Beyond the transcripts of the calls, Republicans on the Oversight Committee want “a list of all participants in the telephone calls” and “any notes taken in preparation or contemporaneous” by Oct. 1 at the latest.
On account of the president’s word, Milley’s job seems secure for now, but, Milley and Austin are scheduled to testify together in front of the Senate Armed Services Committee on Sept. 28. Mark your calendars, because while the hearing is intended to get to the bottom of where the United States’ withdrawal from Afghanistan went awry, Milley will likely have to answer probing questions from Republicans as to the nature of these phone calls. Milley appears to be gearing up for this fight, telling the AP, “I’ll go into any level of detail Congress wants to go into in a couple of weeks.”
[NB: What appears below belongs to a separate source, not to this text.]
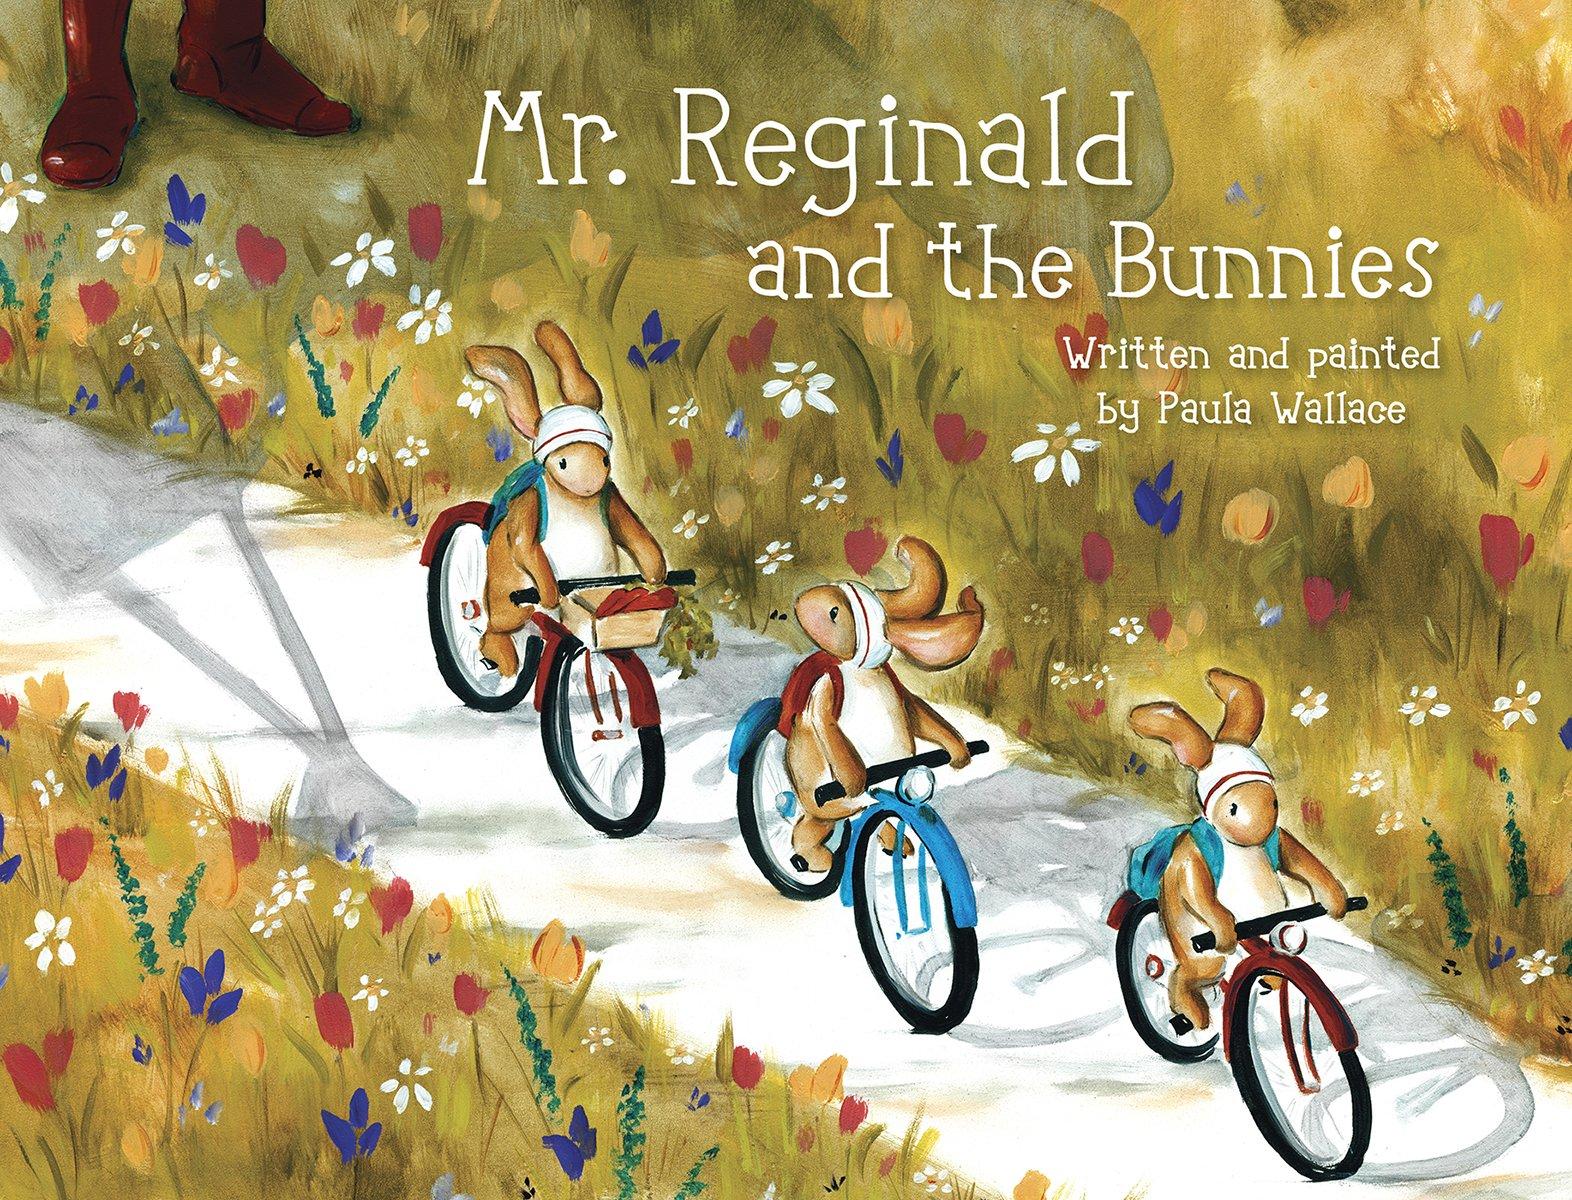 Mr. Reginald and the Bunnies
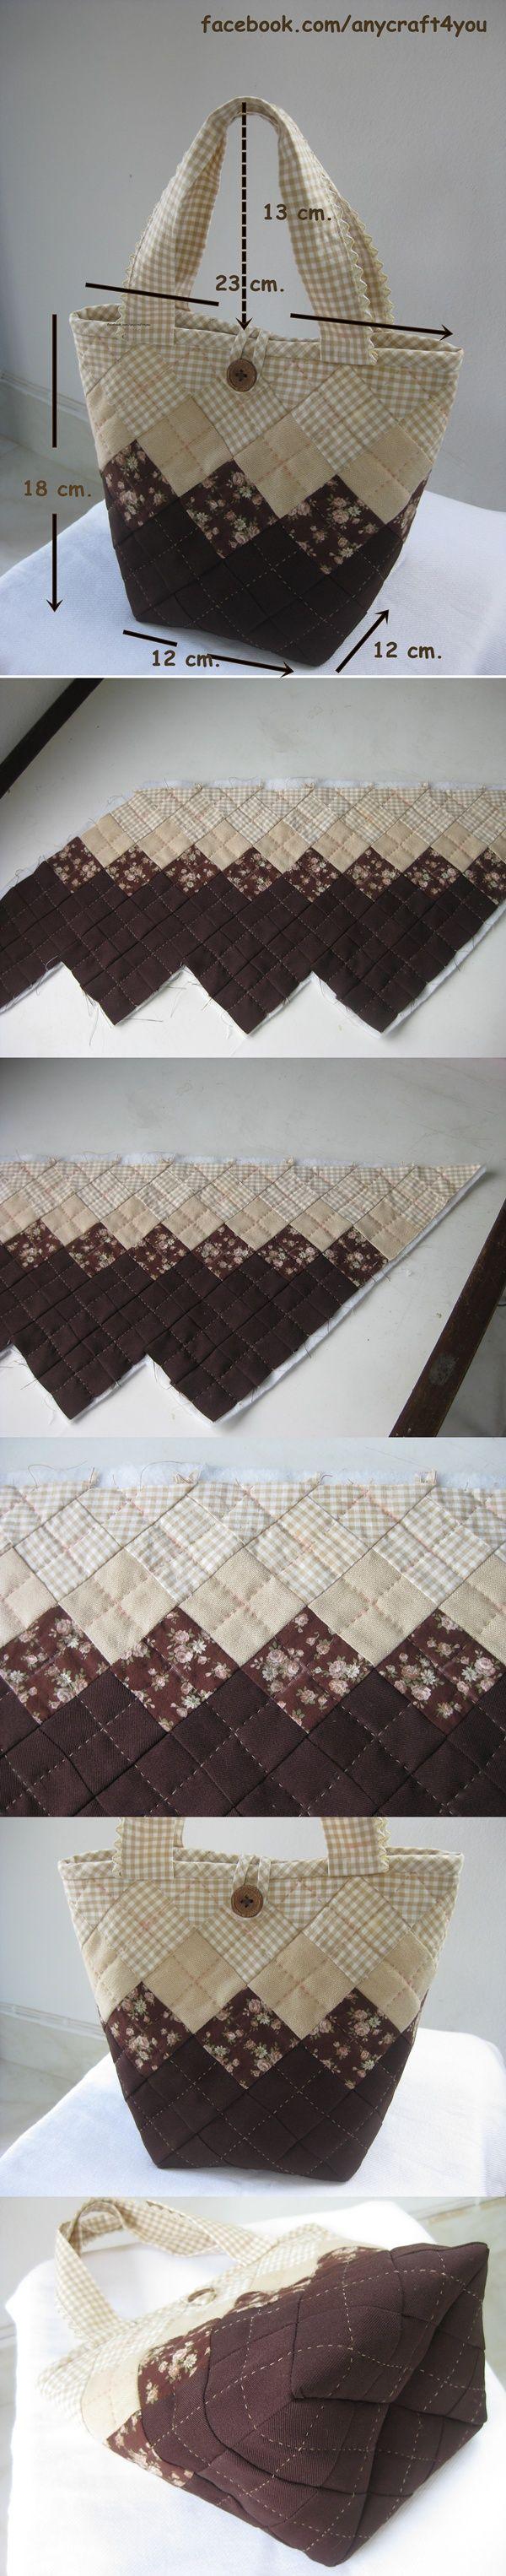 Brownie square lumch bag.

If Woodward and Costa’s account of these calls are proven true, then, yes, those of us on the right who have held the deep state, the military industrial complex, and the mainstream media in contempt will feel vindicated. But, let’s not forget how Milley got the power he so bashfully wields now. Trump nominated Milley as the chairman of the Joint Chiefs of Staff in 2018, and was confirmed with overwhelming Republican (and Democratic) support in July of 2019.
Shortly after the 2020 election, Rachel Bovard, senior director of policy at the Conservative Partnership Institute, reminded us of Morton Blackwell’s 26th Law of the Public Policy Process, “personnel is policy,” in her must-read TAC piece, “Too Few Of The President’s Men.”
In it, she outlines where, and how, the Trump administration fell short on delivering some of its promises.
“A president can only accomplish his policy objectives if administration personnel are both capable and ideologically aligned, willing and able to engage the machinery of government and to bend it toward implementation of the president’s priorities. This was especially so for President Trump, whose policy priorities either upended his own party’s orthodoxy—from economics and trade to foreign policy—or forcefully engaged on social and cultural issues where Republicans had long emphasized rhetoric over policy substance…
The Trump administration suffered from an abundance of heavyweights, “experts,” and vipers, but a notable lack of loyalty to the president’s agenda. The result was an unwillingness to subordinate D.C. political machinations to a focus on accomplishing the president’s agenda, and long periods of infighting, drift, and internal gridlock that hamstrung the Trump policy agenda in key areas.”
The smoke surrounding Milley has turned to fire. From his opposition to ending the war in Afghanistan to his coziness with the Chinese Communist Party, Milley was clearly one of the “vipers” Bovard warned us about. Don’t let Republicans in office, or aspiring for greater office come 2024, forget that personnel is policy.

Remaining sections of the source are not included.